-- DATA BELOW --
• • • • •

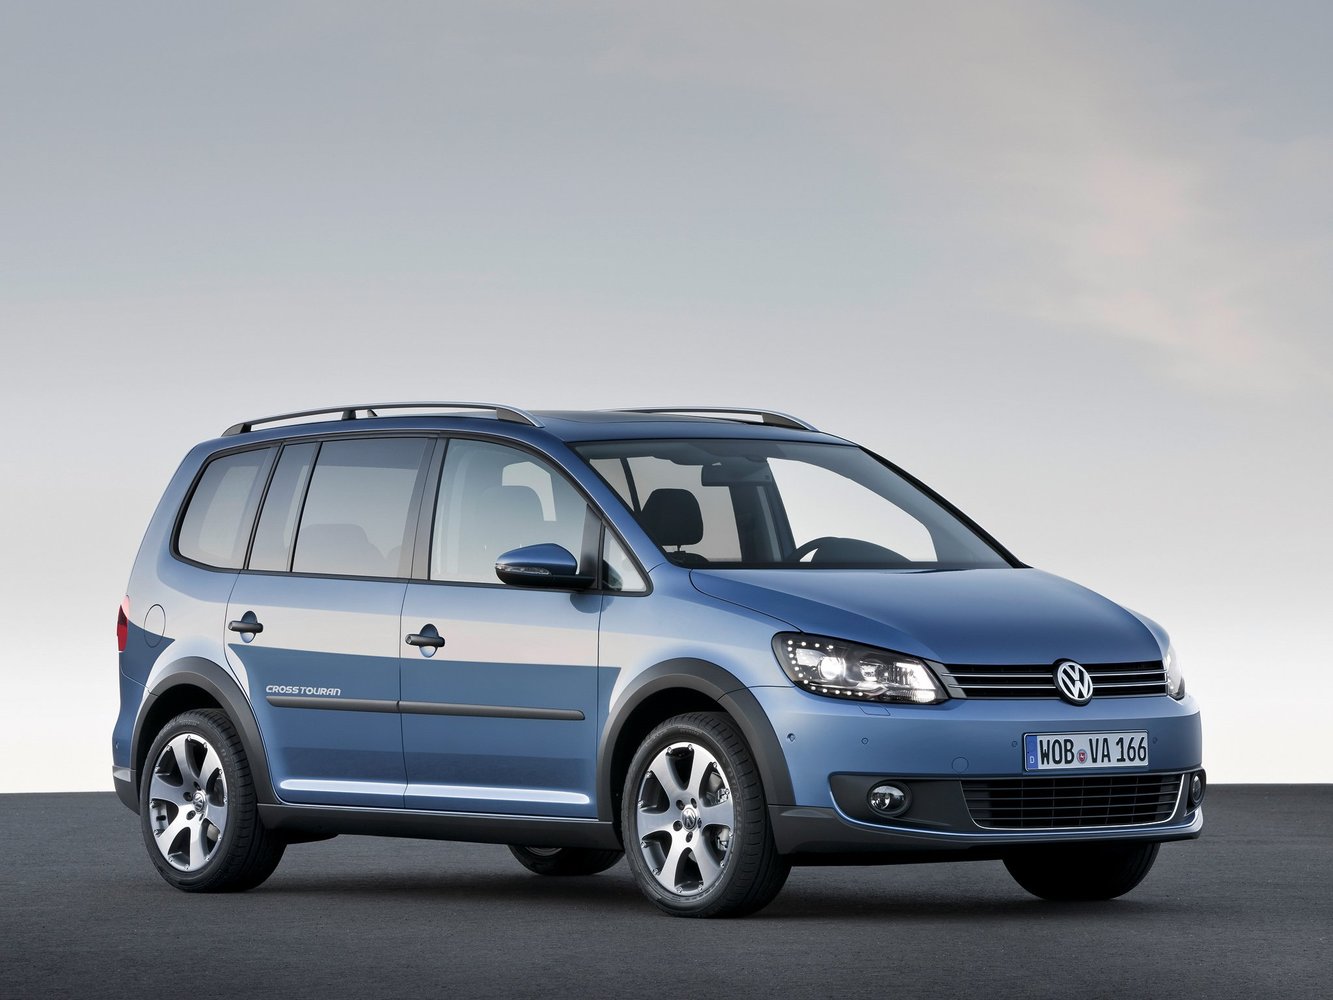 Volkswagen Touran 2010 - 2015
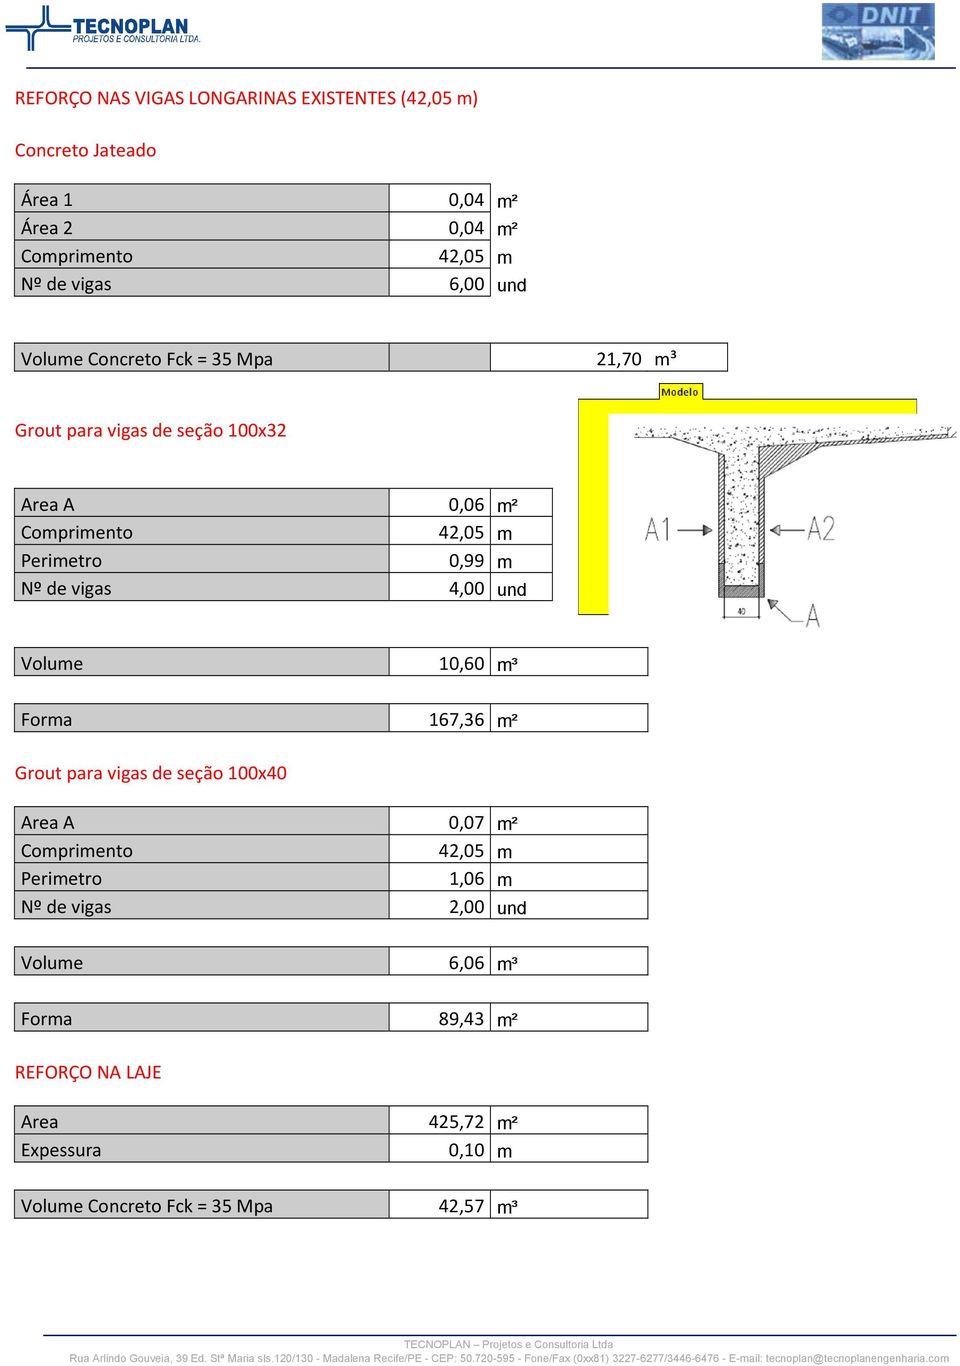 4,00 und Volume 10,60 m³ Forma 167,36 m² Grout para vigas de seção 100x40 Area A 0,07 m² Perimetro 1,06 m Nº de
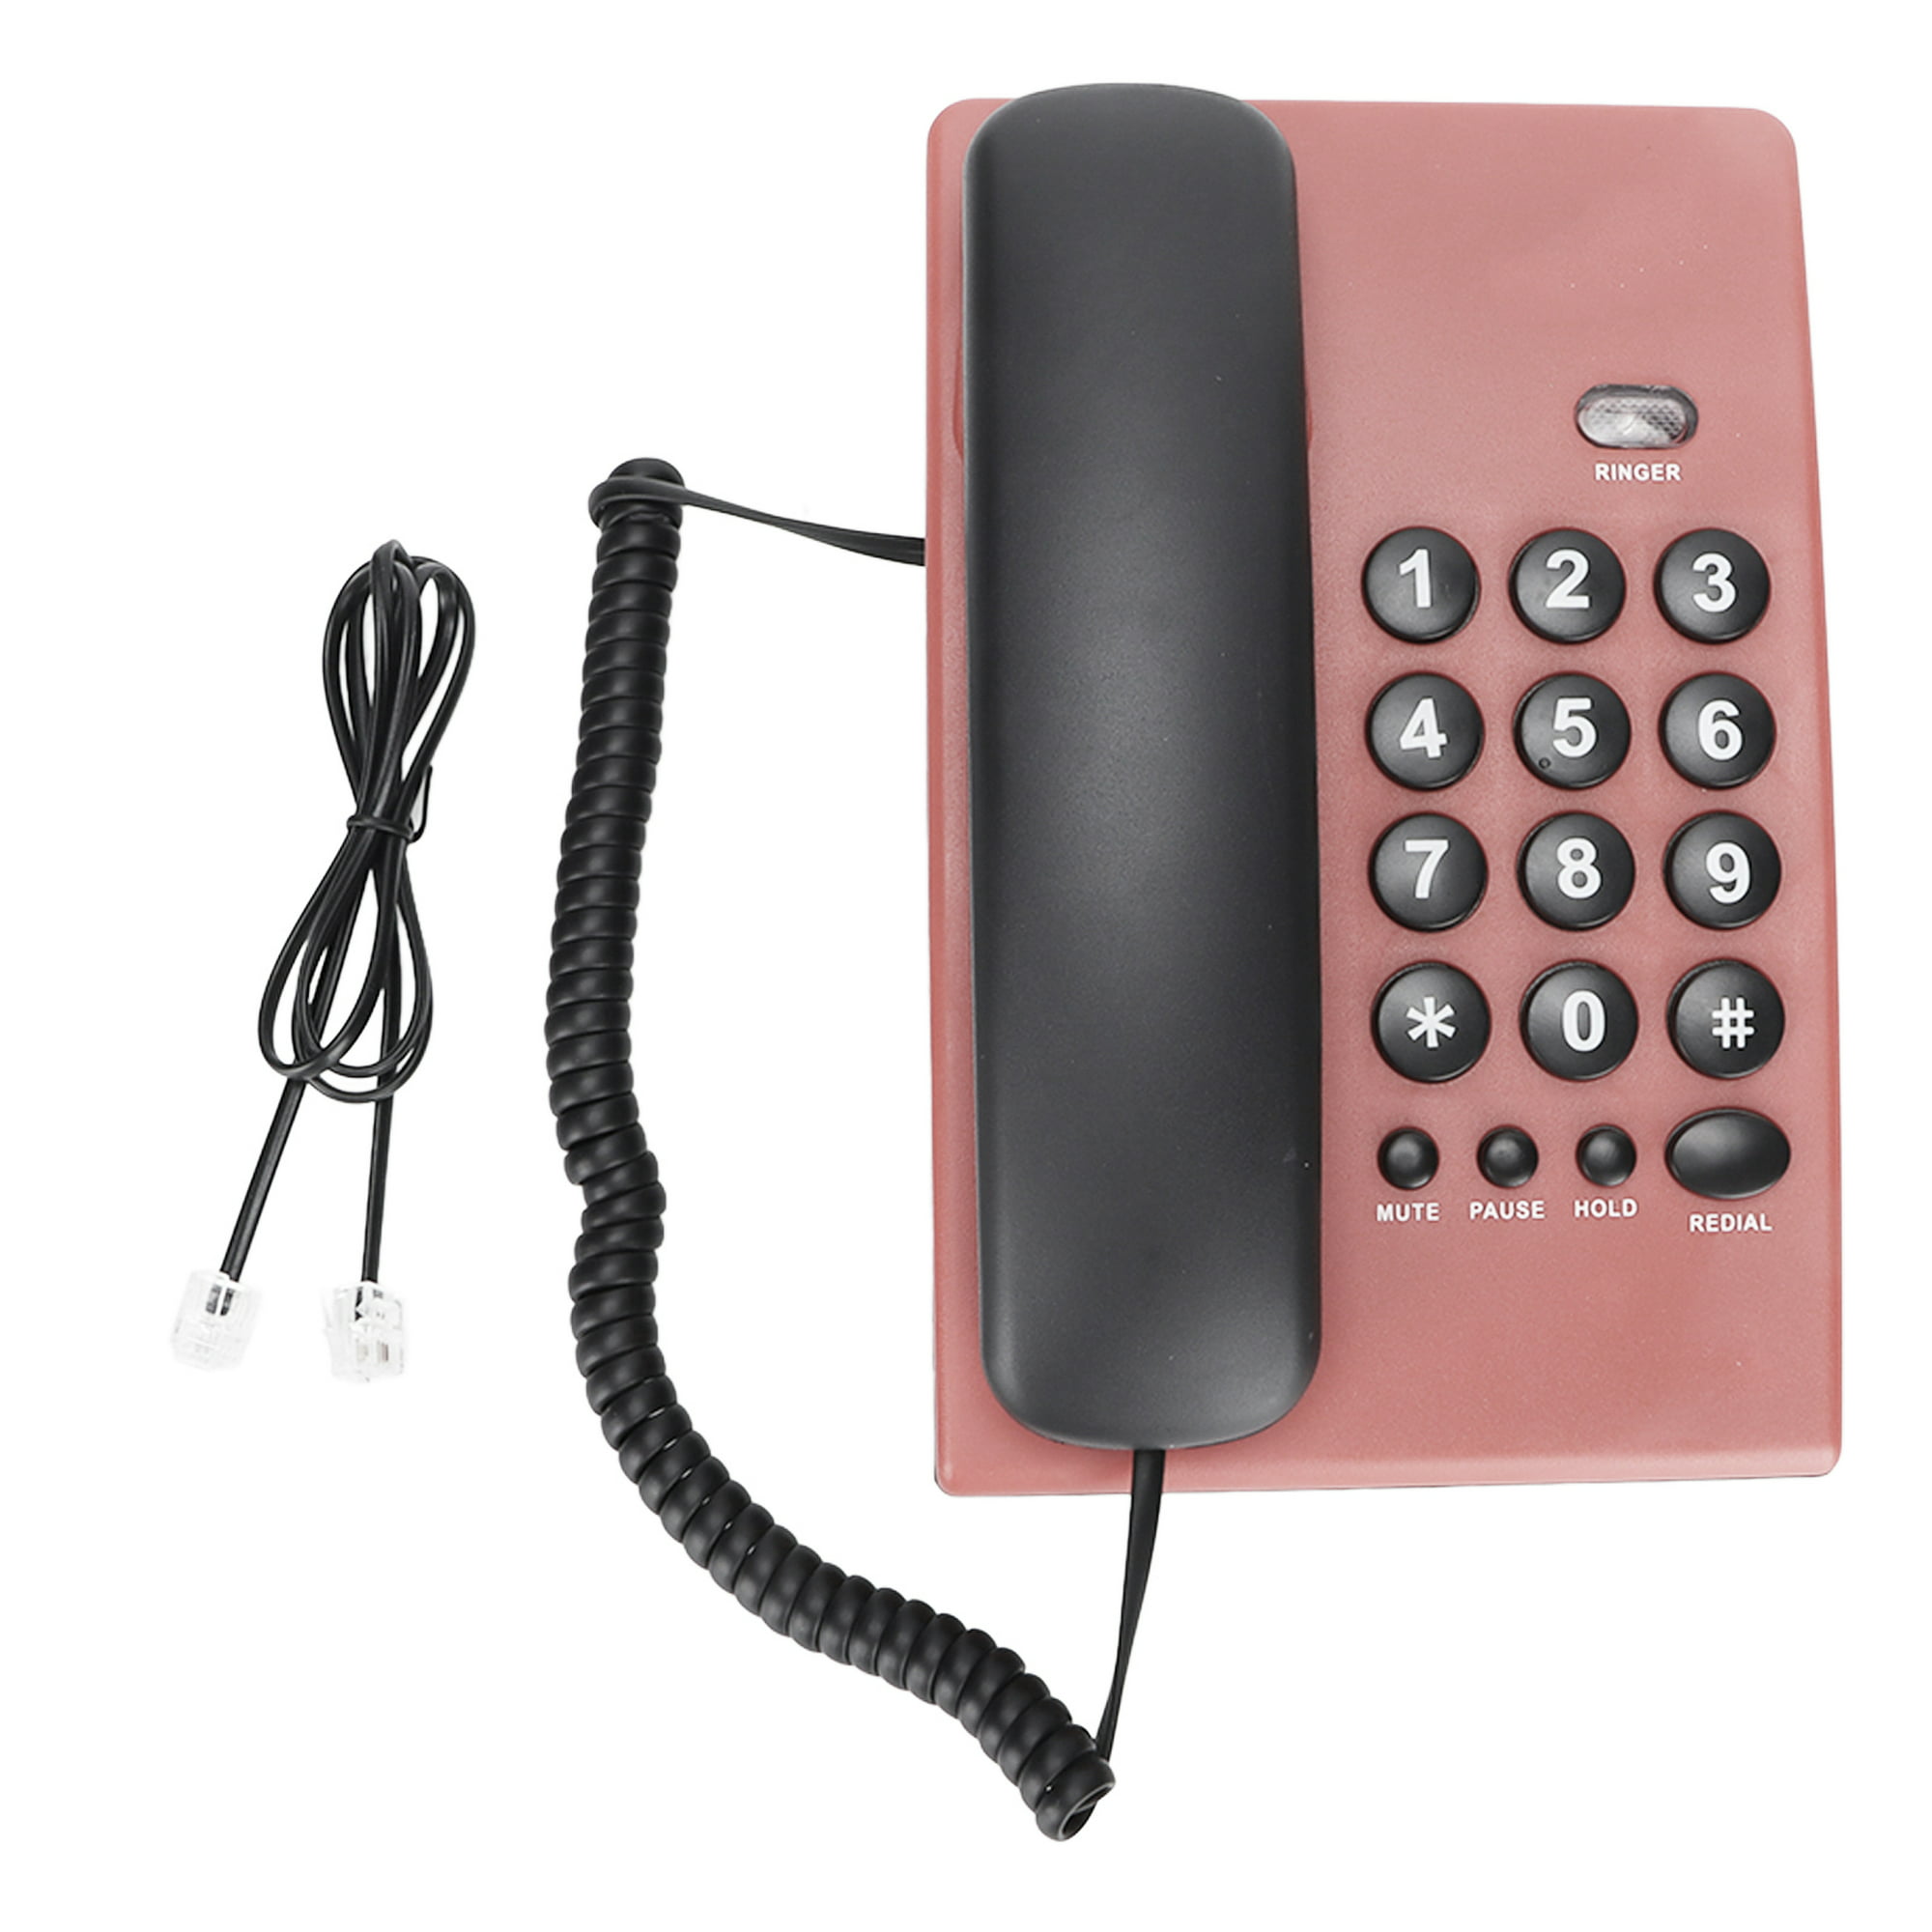 Teléfono fijo barato, teléfonos fijos con cable para uso en hoteles

• • • • •

From the line containing "4,00 und Volume" down to the last line of the data, print every line exactly and nothing else. Pictures stay out of the copy.

 4,00 und Volume 10,60 m³ Forma 167,36 m² Grout para vigas de seção 100x40 Area A 0,07 m² Perimetro 1,06 m Nº de
 Teléfono fijo barato, teléfonos fijos con cable para uso en hoteles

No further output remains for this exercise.